- How do I install yethee/tiktoken in a Laravel project?
- Run `composer require yethee/tiktoken` in your project root. No additional setup is needed for basic usage. The package supports PHP 8.1+ and integrates cleanly with Laravel’s Composer dependency system.
- Which GPT models are supported out of the box?
- The package supports all OpenAI models using the standard tiktoken vocabularies, including GPT-3.5 (e.g., `gpt-3.5-turbo-0301`), GPT-4, GPT-5, and embeddings. Check the [changelog](https://github.com/yethee/tiktoken-php/blob/master/CHANGELOG.md) for the latest supported models.
- Can I use this package to validate token counts before calling OpenAI’s API?
- Yes. Use `$encoder->encode()` to pre-tokenize user input and compare against your model’s token limit (e.g., 8,192 for GPT-4). Integrate this logic in Laravel middleware or a service layer to reject oversized prompts early.
- How does the optional FFI/LibEncoder mode improve performance?
- The experimental `LibEncoder` uses Rust’s `tiktoken-rs` via FFI for ~2x faster encoding on large texts (e.g., >10,000 tokens). However, it requires building native libraries and adds setup complexity. Benchmark it for your workload—it may not help for small texts due to marshalling overhead.
- Where should I store the vocabulary cache for production?
- Use Laravel’s cache system (e.g., Redis) instead of the filesystem for `TIKTOKEN_CACHE_DIR`. Set the path via `EncoderProvider::setVocabCache()` or the `TIKTOKEN_CACHE_DIR` environment variable. This avoids I/O bottlenecks in high-traffic apps.

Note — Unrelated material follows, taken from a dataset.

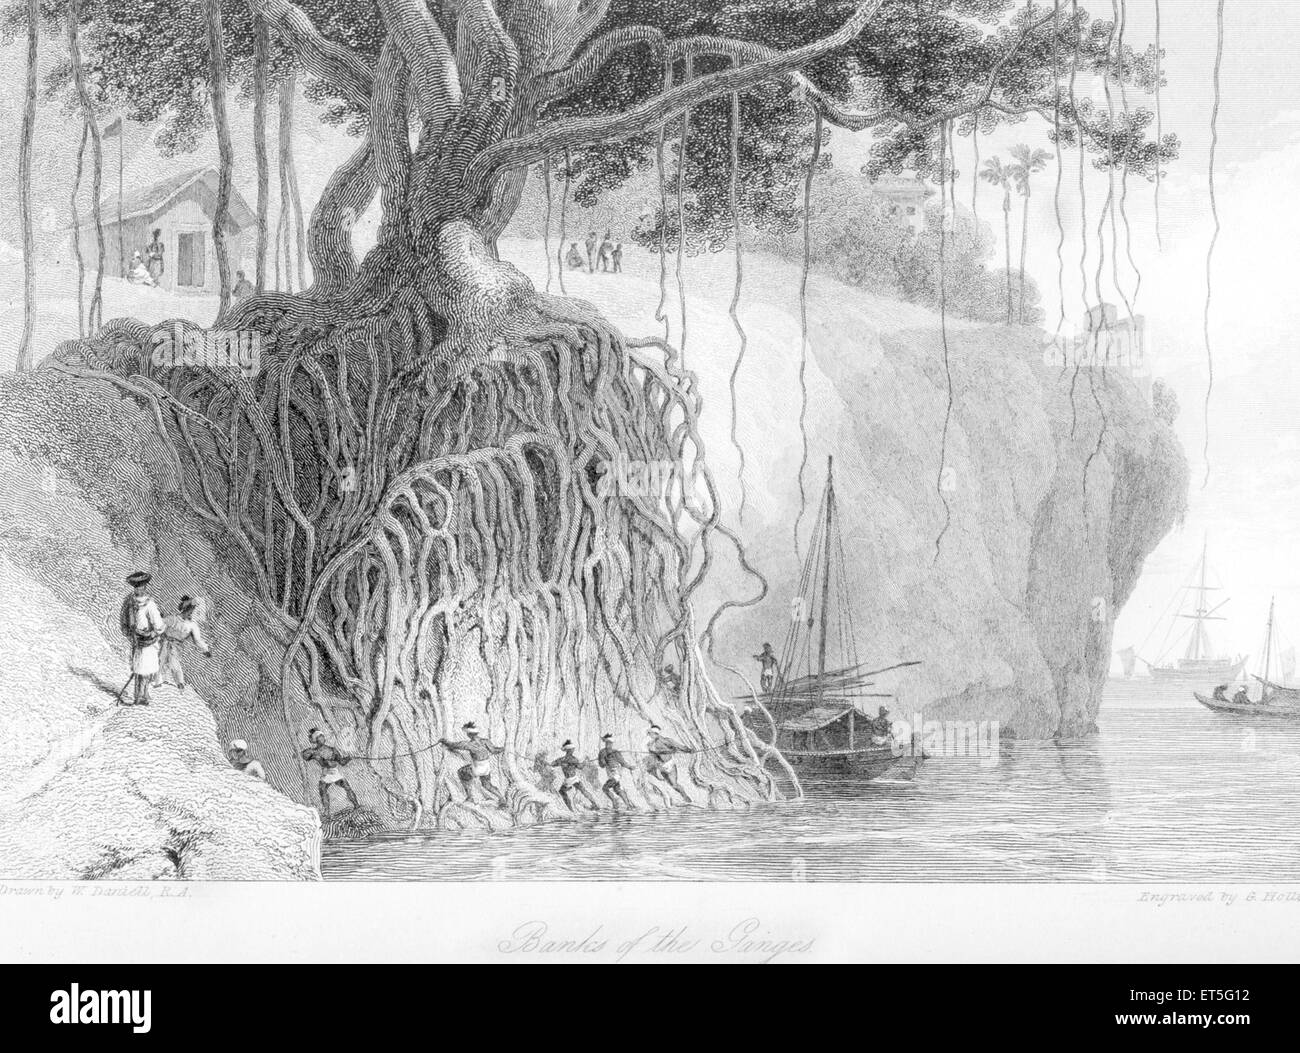 Banyan Tree Roots, Ganga River Ganges, Uttar Pradesh, Inde, Asie, Gravure en acier de style asiatique, indien, ancien datant du XIXe siècle Banque D'Images

- How do I integrate tokenization into Laravel queues for batch processing?
- Dispatch a job with the text payload, then use `$encoder->encode()` inside the job’s `handle()` method. For example: `TokenizeTextJob::dispatch($userInput)->onQueue('tokenization');`. This offloads heavy tokenization from API requests.
- Are there any known issues with token counts matching OpenAI’s SDK?
- The package replicates OpenAI’s tokenization logic, but edge cases (e.g., rare Unicode characters) may diverge. Validate counts against OpenAI’s Python SDK in unit tests. Report discrepancies to the [GitHub issues](https://github.com/yethee/tiktoken-php/issues).
- Can I use this package with GPT-2 or custom models requiring special tokens?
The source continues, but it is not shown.